* _Dataset excerpt_

____

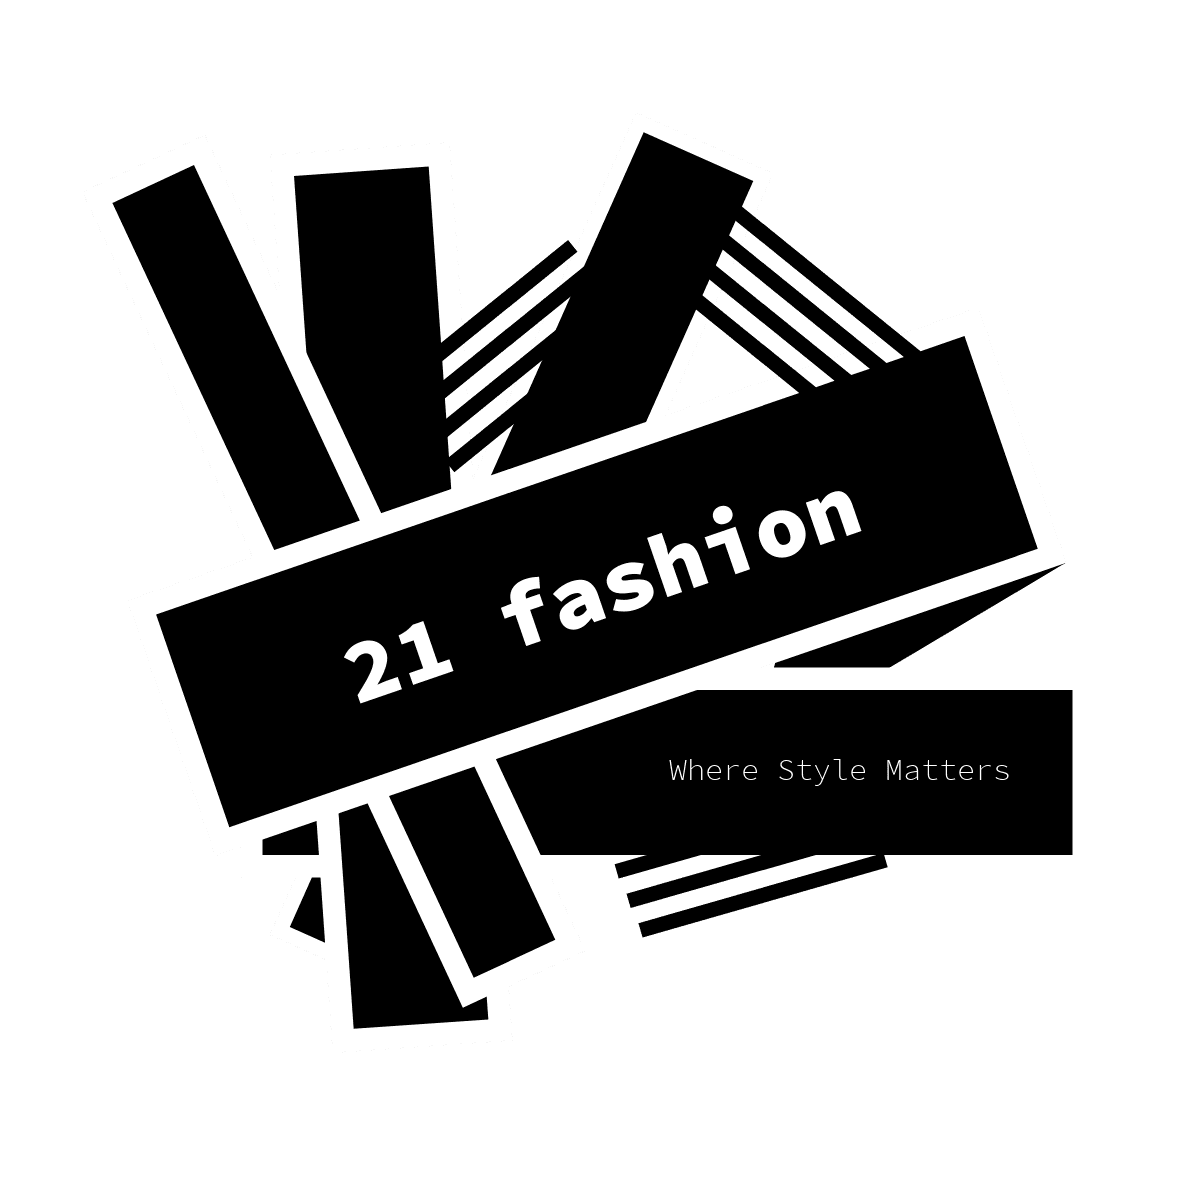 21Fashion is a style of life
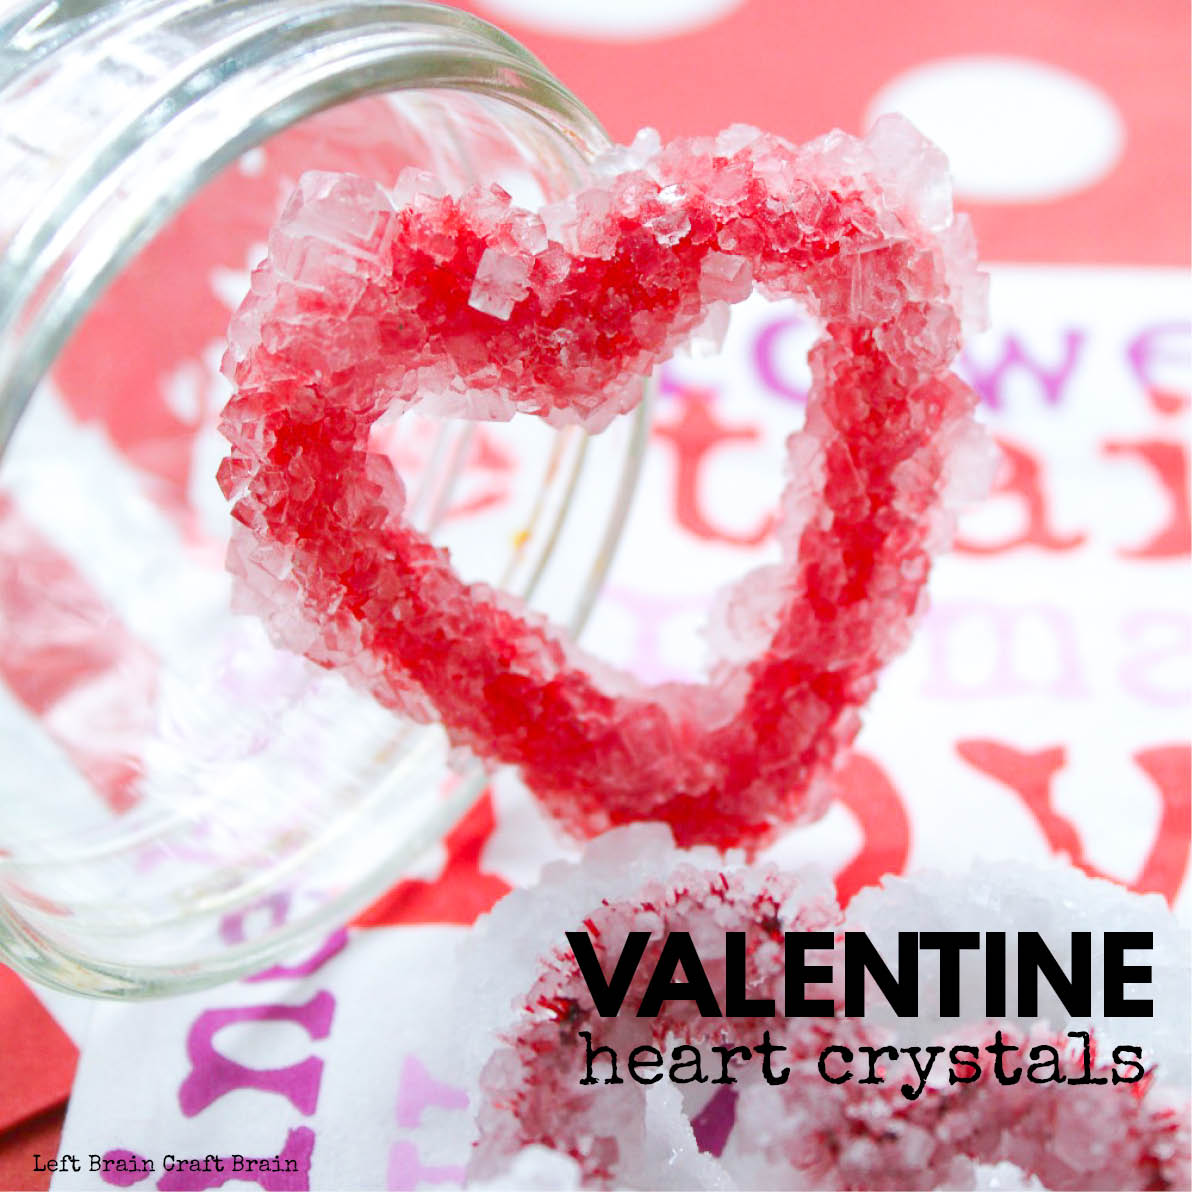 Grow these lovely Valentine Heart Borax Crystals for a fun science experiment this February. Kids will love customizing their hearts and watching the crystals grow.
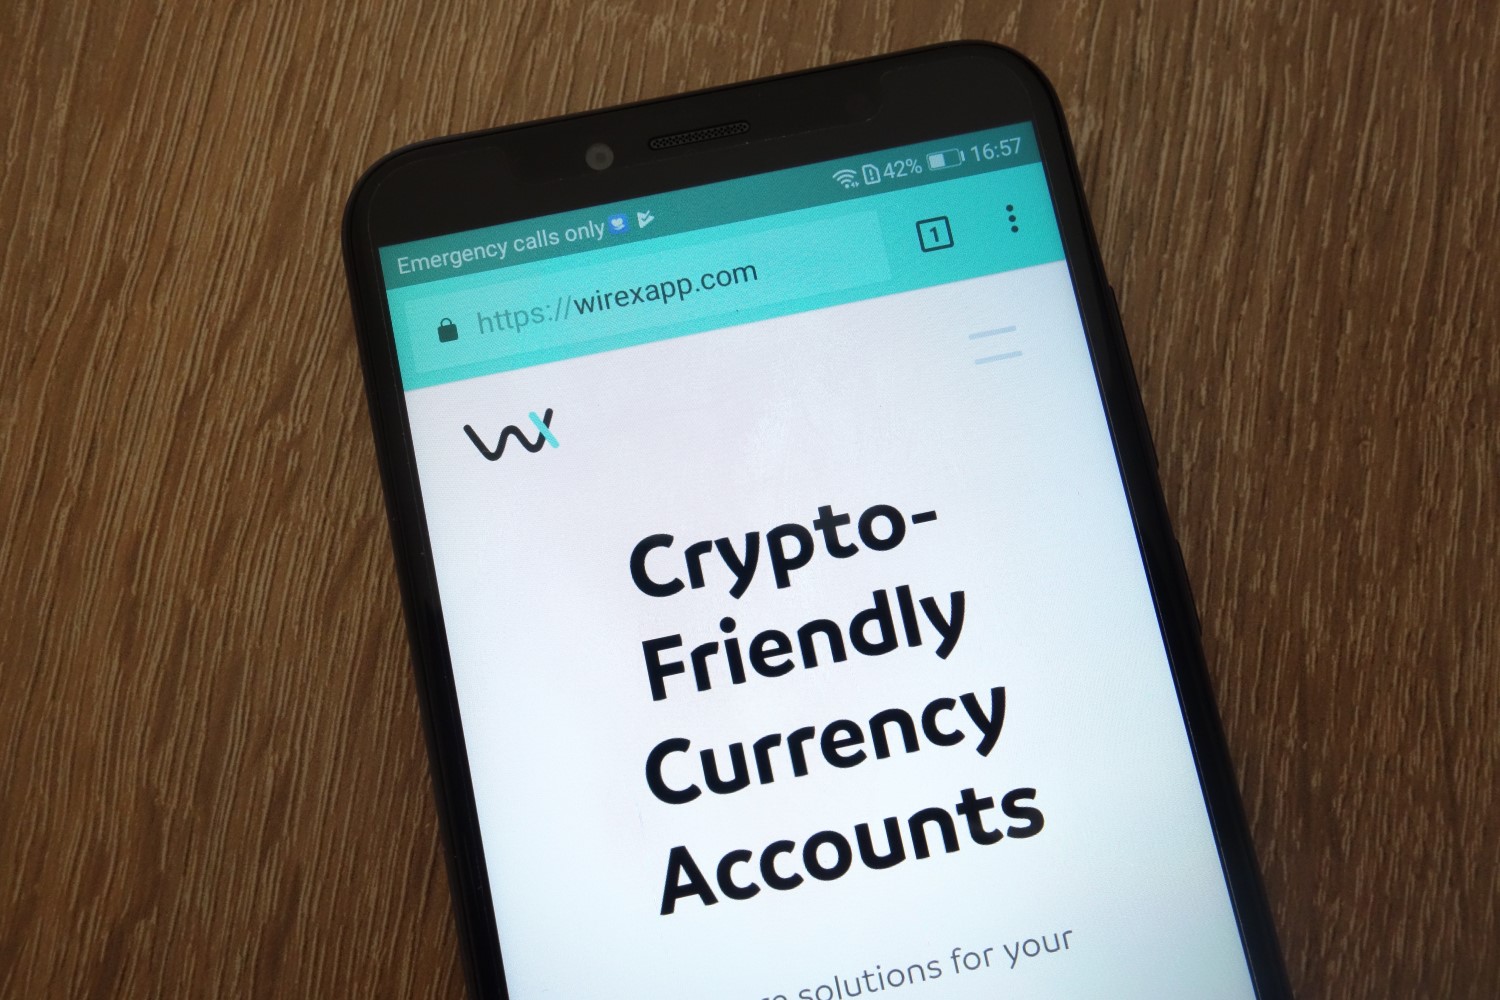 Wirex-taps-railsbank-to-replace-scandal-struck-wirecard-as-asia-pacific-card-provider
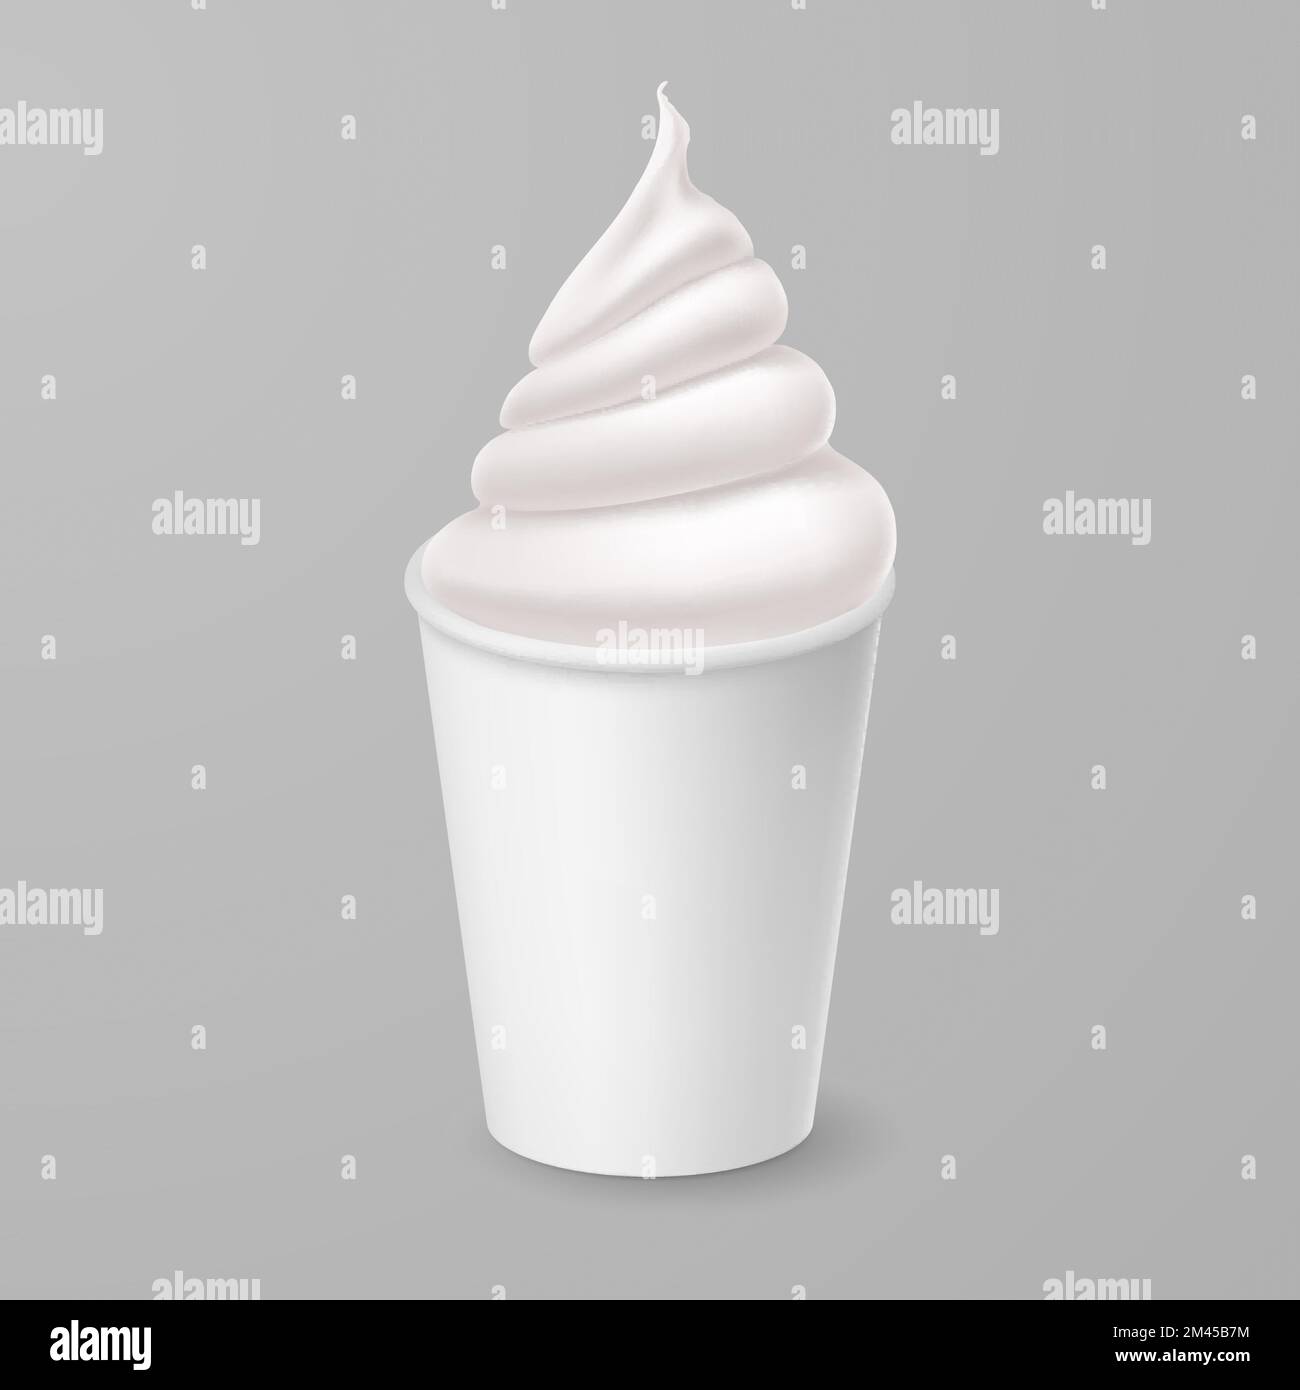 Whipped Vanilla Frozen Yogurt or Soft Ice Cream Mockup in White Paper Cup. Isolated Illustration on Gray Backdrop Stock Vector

____

* _Brief_
Reproduce the listing word for word. Do not carry over the pictures.

* _Response_
 21Fashion is a style of life
 Grow these lovely Valentine Heart Borax Crystals for a fun science experiment this February. Kids will love customizing their hearts and watching the crystals grow.
 Wirex-taps-railsbank-to-replace-scandal-struck-wirecard-as-asia-pacific-card-provider
 Whipped Vanilla Frozen Yogurt or Soft Ice Cream Mockup in White Paper Cup. Isolated Illustration on Gray Backdrop Stock Vector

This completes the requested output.